No entiendo que el pin 3 (salida) vaya junto con el reset y alimentanción, pero bueno a lo mejor por eso no funciona.

Perdón por mi ignorancia, pero os aseguro que si he creado éste post es porque ya me he tirado unas horas buscando sin encontrar nada, me parece hasta raro que algo tan sencillo no lo encuentre en minutos, parece que hay una especie de conspiración de los que fabrican estos temporizadores .

A ver si algún iluminado me puede ayudar a corregir ese circuito o encontrar otro que me haga el apaño, aunque ya os digo que lo de encontrarlo está complicao.


----------



## Electronec (Ene 29, 2011)

Hummmm.....Creo compañero que no has buscado tan bien como comentas. Este tema ya esta comentado en el hilo y creo que el problema está resuelto.

Saludos.


----------



## nelobe (Abr 30, 2012)

Hola, quisiera ayuda para un problemita y por no abrir otro tema (que Fogonazo me ha cerrado, por que dice que está duplicado), lo introduzco aqui, por si es este, aunque lo que yo quiero no es hacer un circuito, mas bien acoplar algo a uno de compra..

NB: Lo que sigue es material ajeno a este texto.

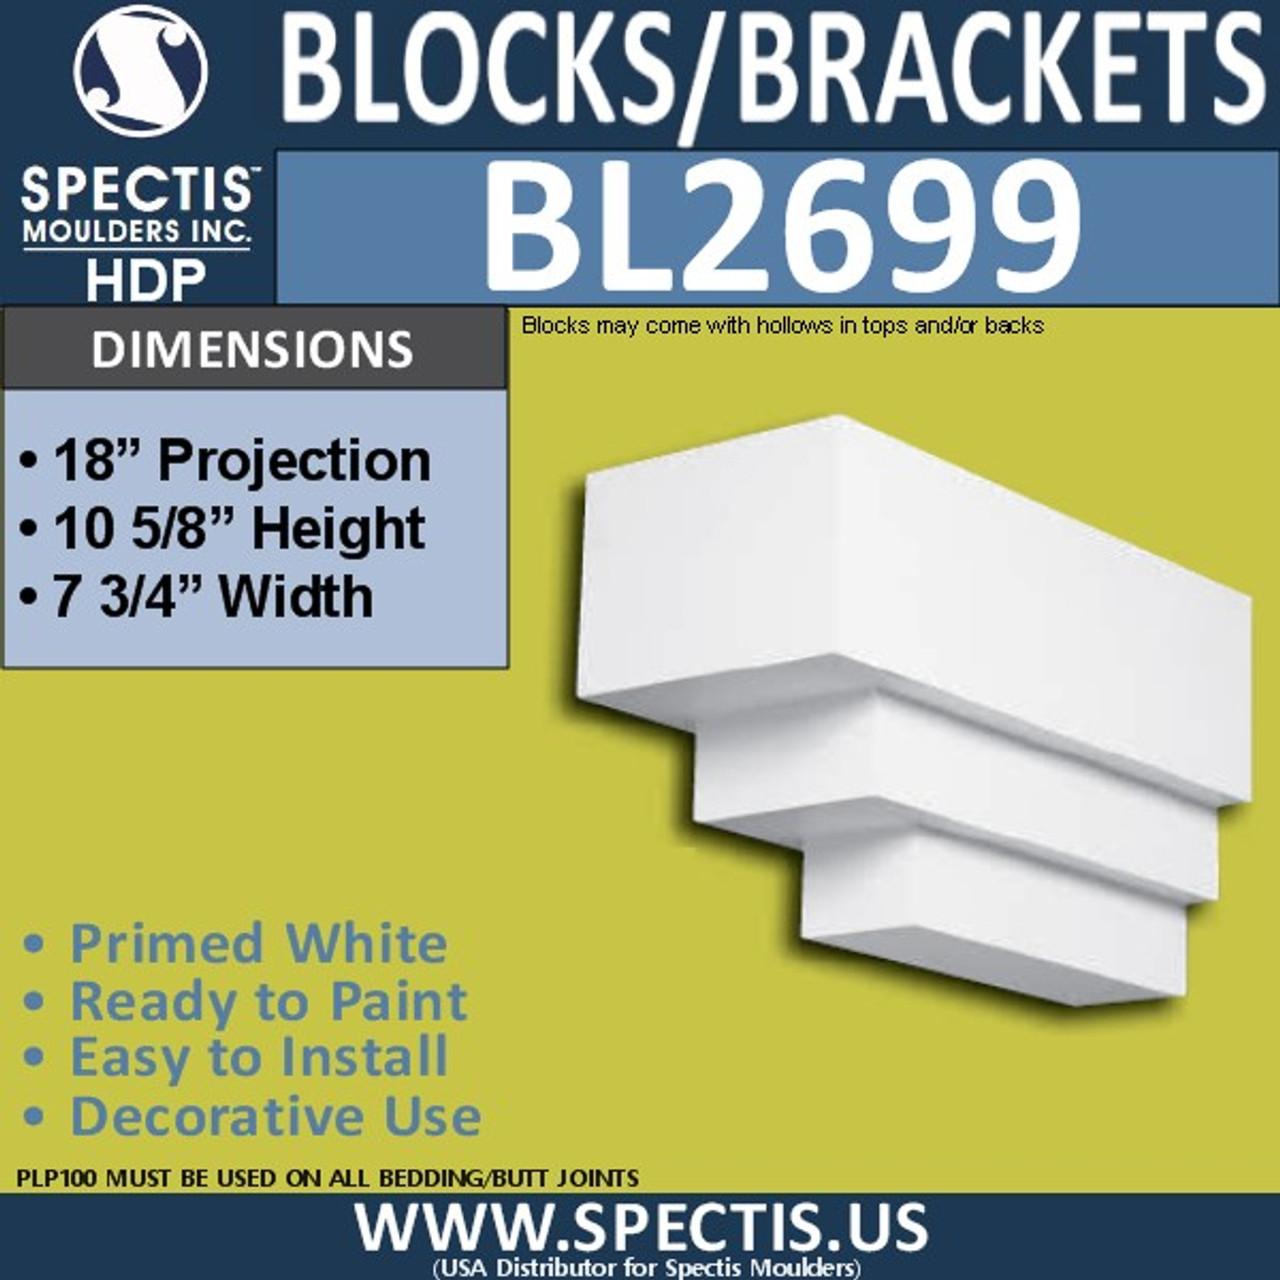 "BL2699 Eave Block or Bracket 7.75""W x 10.5""H x 18"" P"

Para funcionamiento en 230v Alterna.
Enlace temporizador:
http://www.voltimum.es/catalog/prod...ia-360-w-m-ximo-LEGRAND-GROUP-ESPA-A-S-L.html
LEG49780	TEMPORIZADOR 49780 LEGRAND


La cuestion, es que tengo un pasillo de la vivienda de mi finca, que tiene un temporizador que apaga las luces al cabo de un tiempo. El problema viene, por que quiero 

cambiar las luces incandescentes ó bajo consumo (pues se funden muy pronto), por bombillas led de unos 5-8 watios para al mismo tiempo economizar. 
El temporizador fuciona con un minimo de 25w, por lo que al encender las luces, estas encienden pero no se apagan.
Quisiera saber, si con algo simple como una resistencia, se podria colocar conectado en serie al temporizador, para que junto con una bombilla led, diese un minimo de 25w. 
EJEMPLO:
led 5w + Resistencia consumo 25w= 30w
para que asi, en el caso de fundirse 2 bombillas led, el temporizador continuara funcionando, puesto que seguiria teniendo el minimo de 25w.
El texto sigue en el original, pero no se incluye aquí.